**Exercise requirements:**
The answer must consist solely of the lines below starting at the one containing "St. Lucia - Vessel" and ending at the one containing "Thornproof: 1971 Barbour Ad", repeated exactly, with both ends included and all pictures omitted.

**Information given:**
* * *

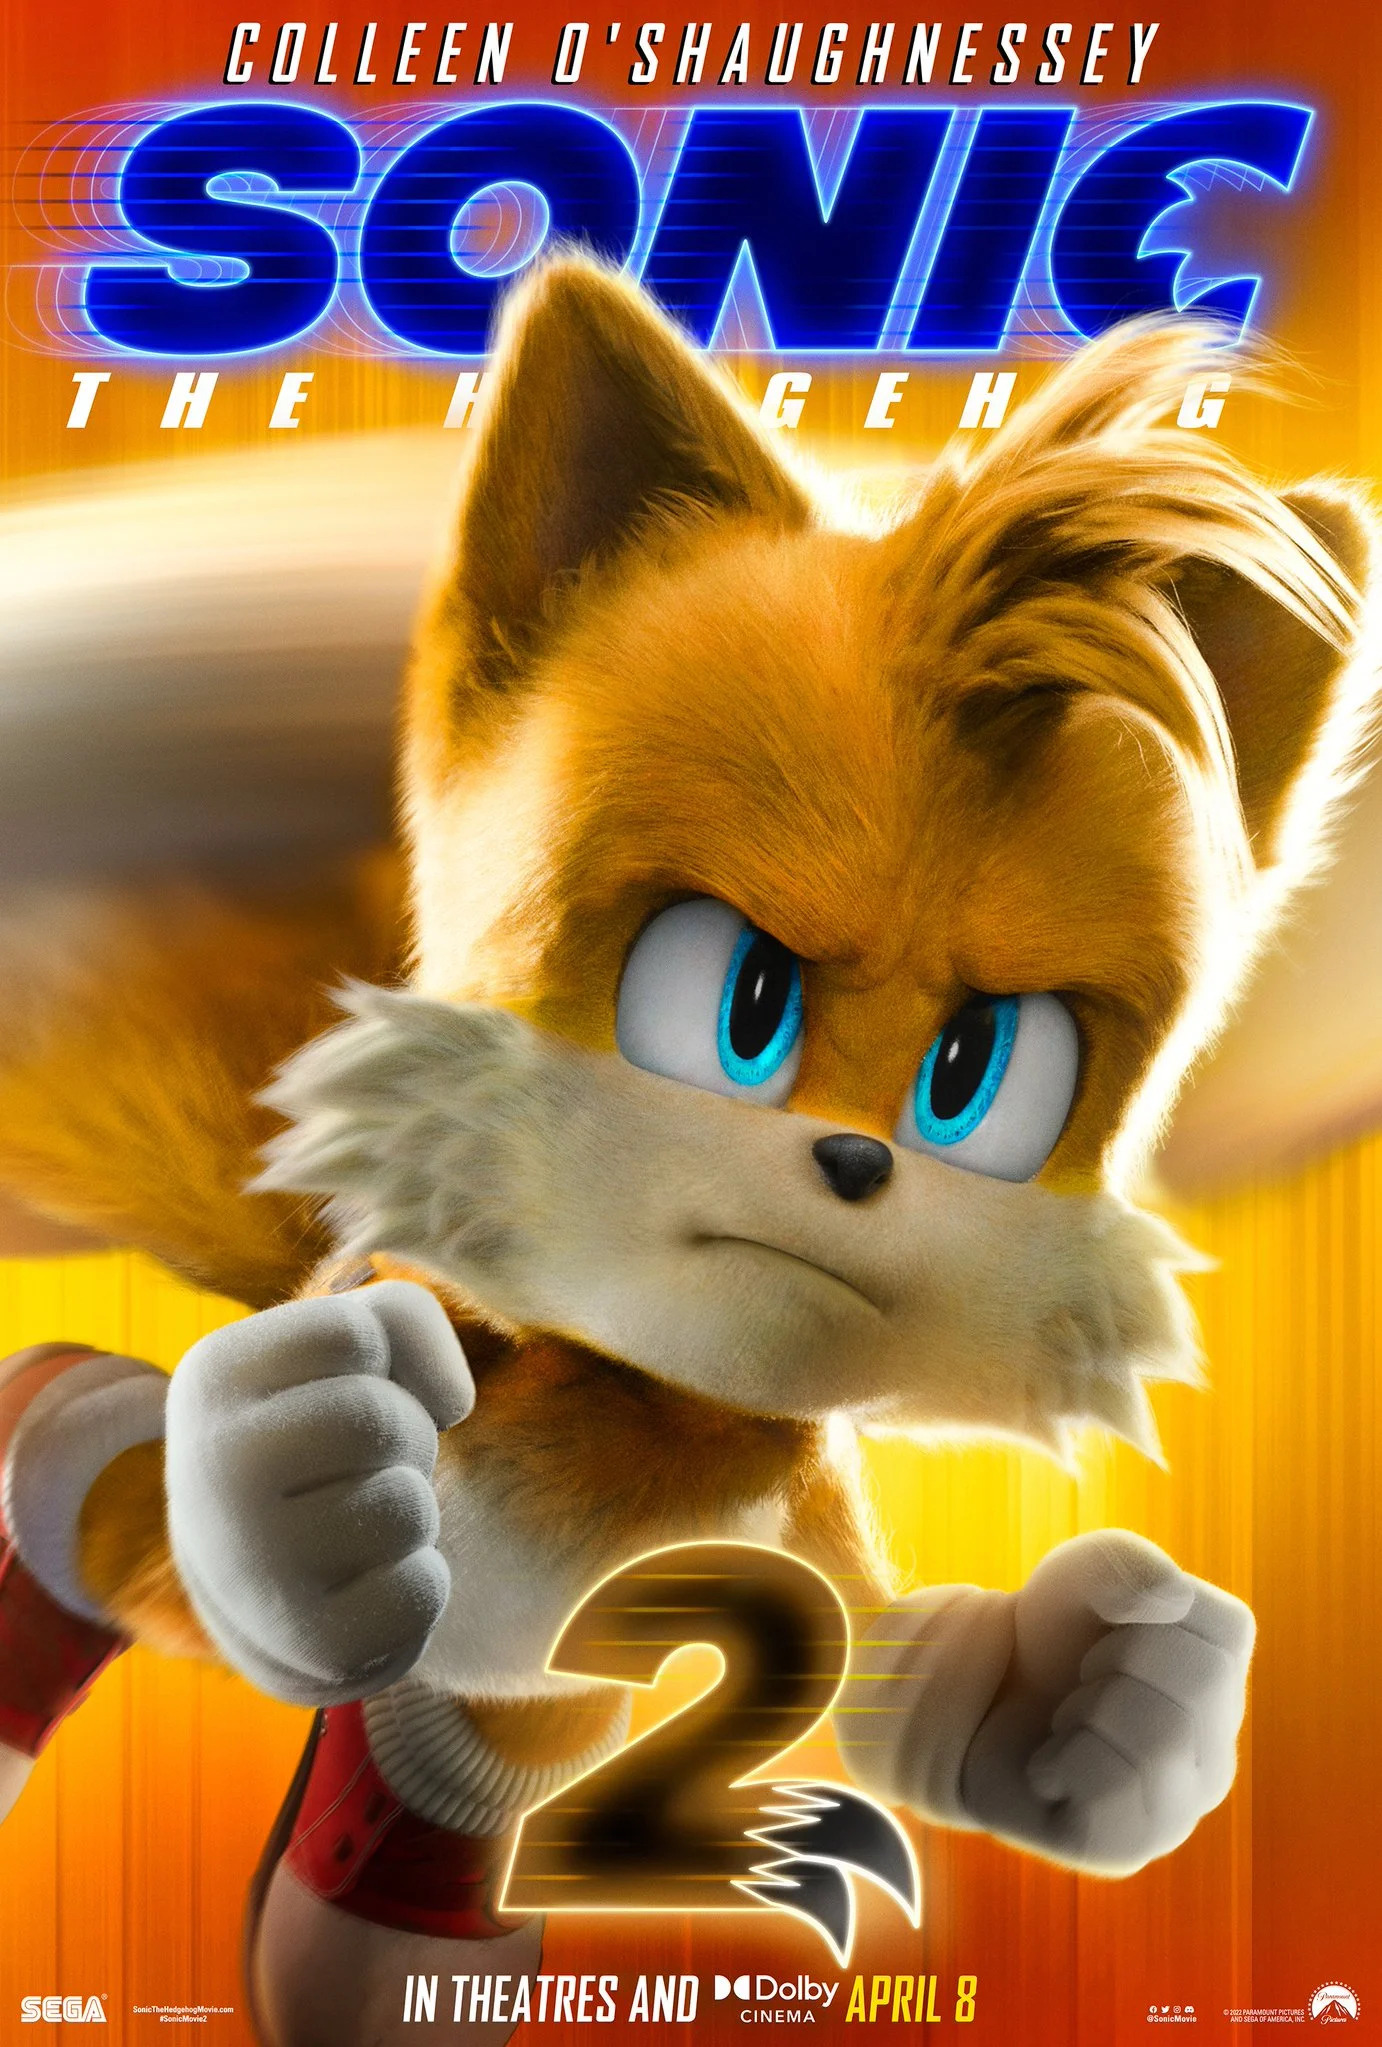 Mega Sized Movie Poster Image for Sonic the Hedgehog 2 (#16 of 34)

* * *

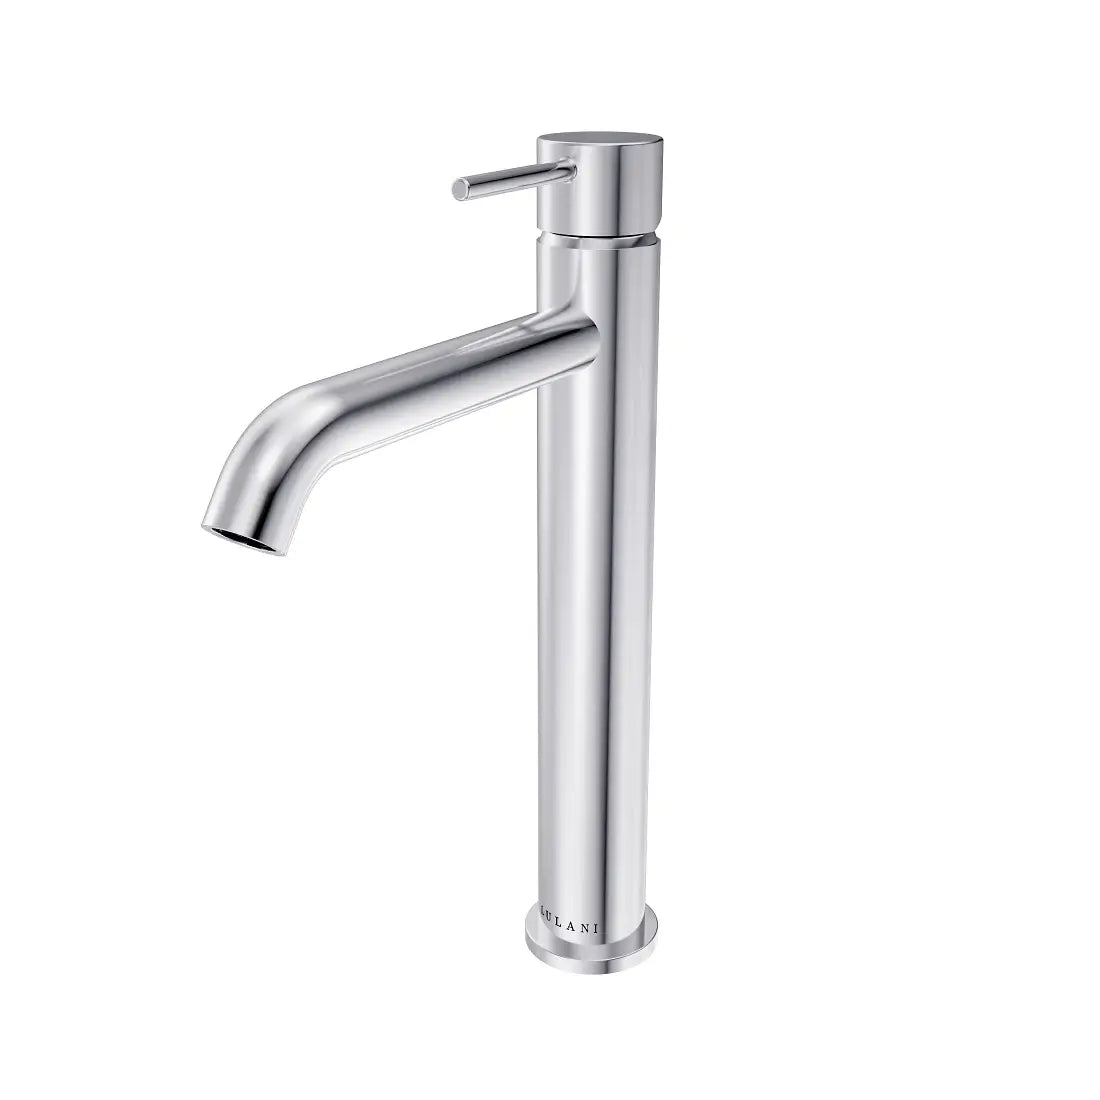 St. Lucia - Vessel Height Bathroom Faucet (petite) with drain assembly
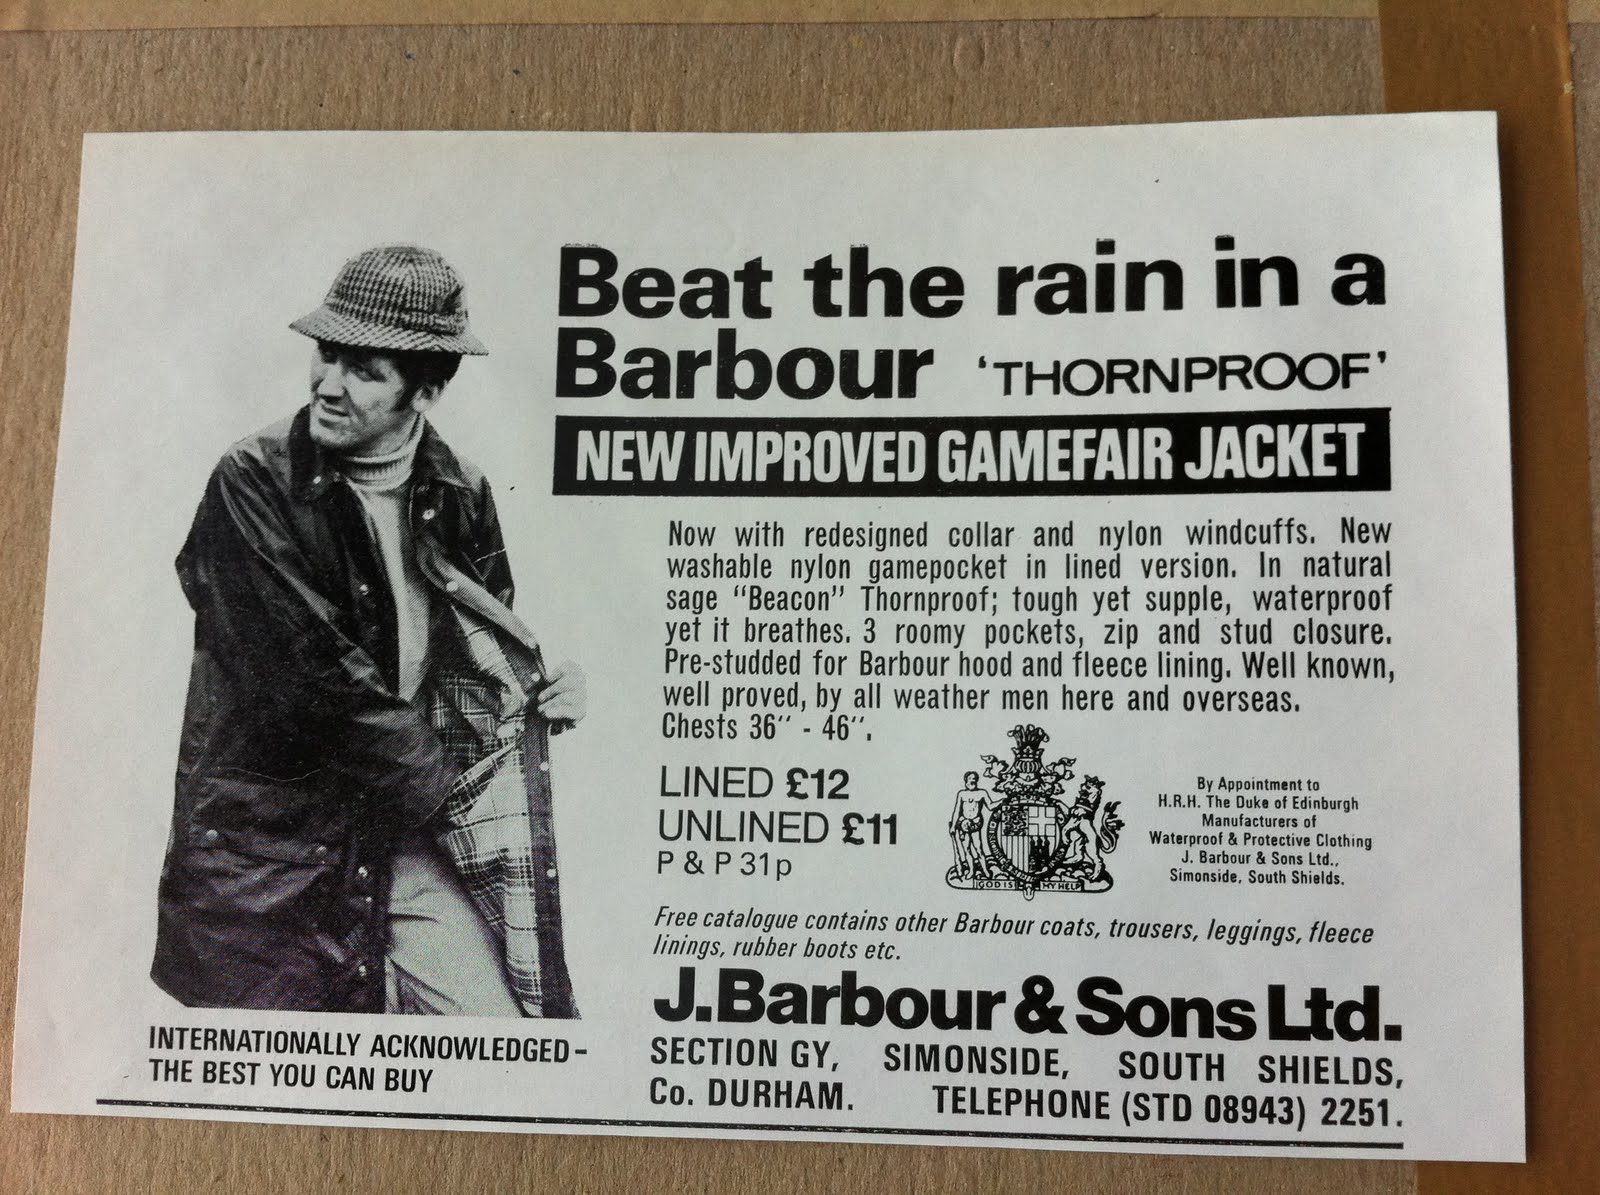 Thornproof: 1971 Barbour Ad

* * *

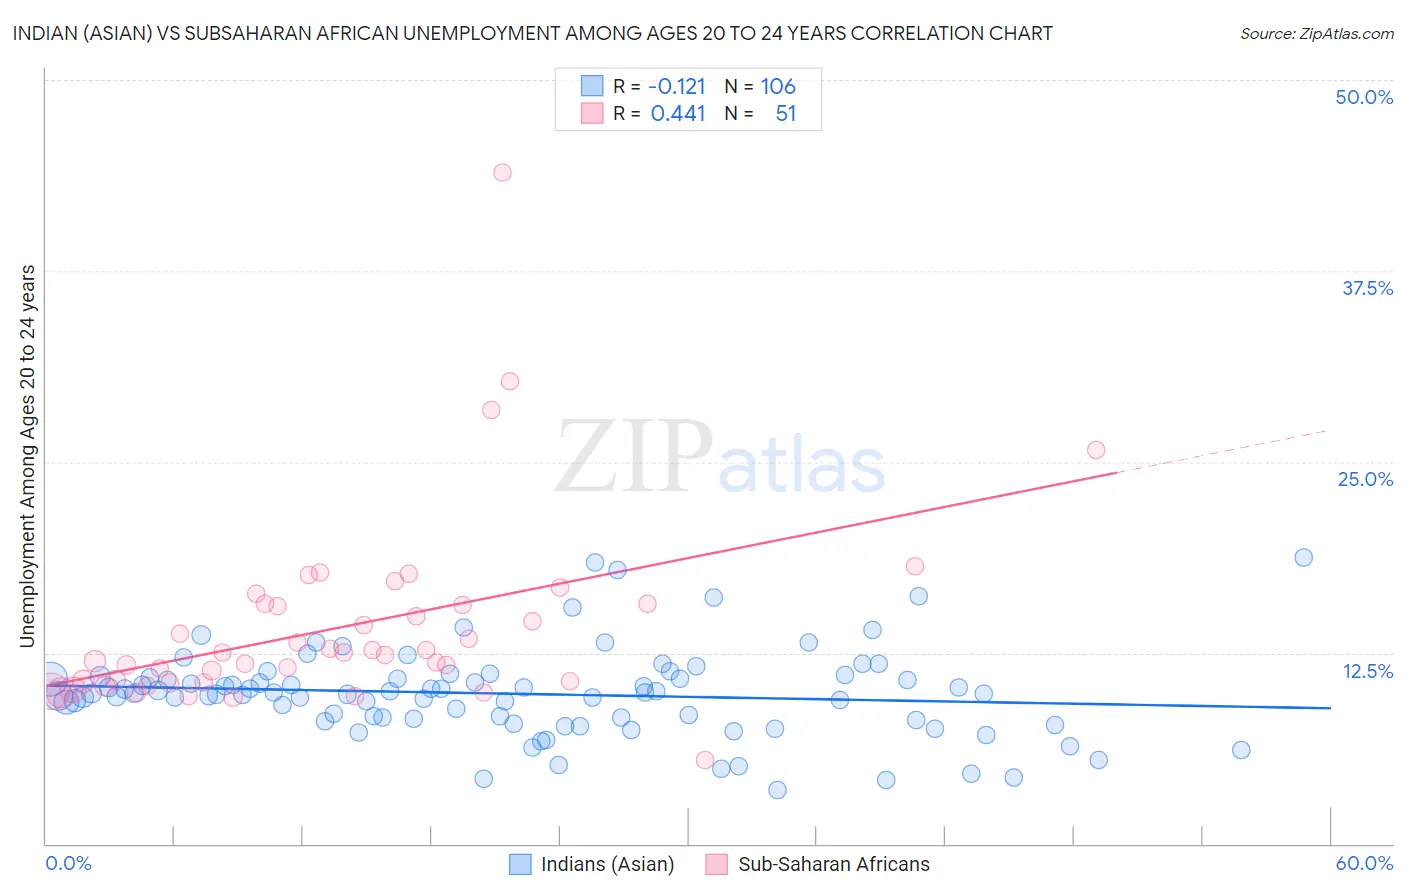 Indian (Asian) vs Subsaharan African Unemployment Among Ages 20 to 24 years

* * *

**Answer below:**
 St. Lucia - Vessel Height Bathroom Faucet (petite) with drain assembly
 Thornproof: 1971 Barbour Ad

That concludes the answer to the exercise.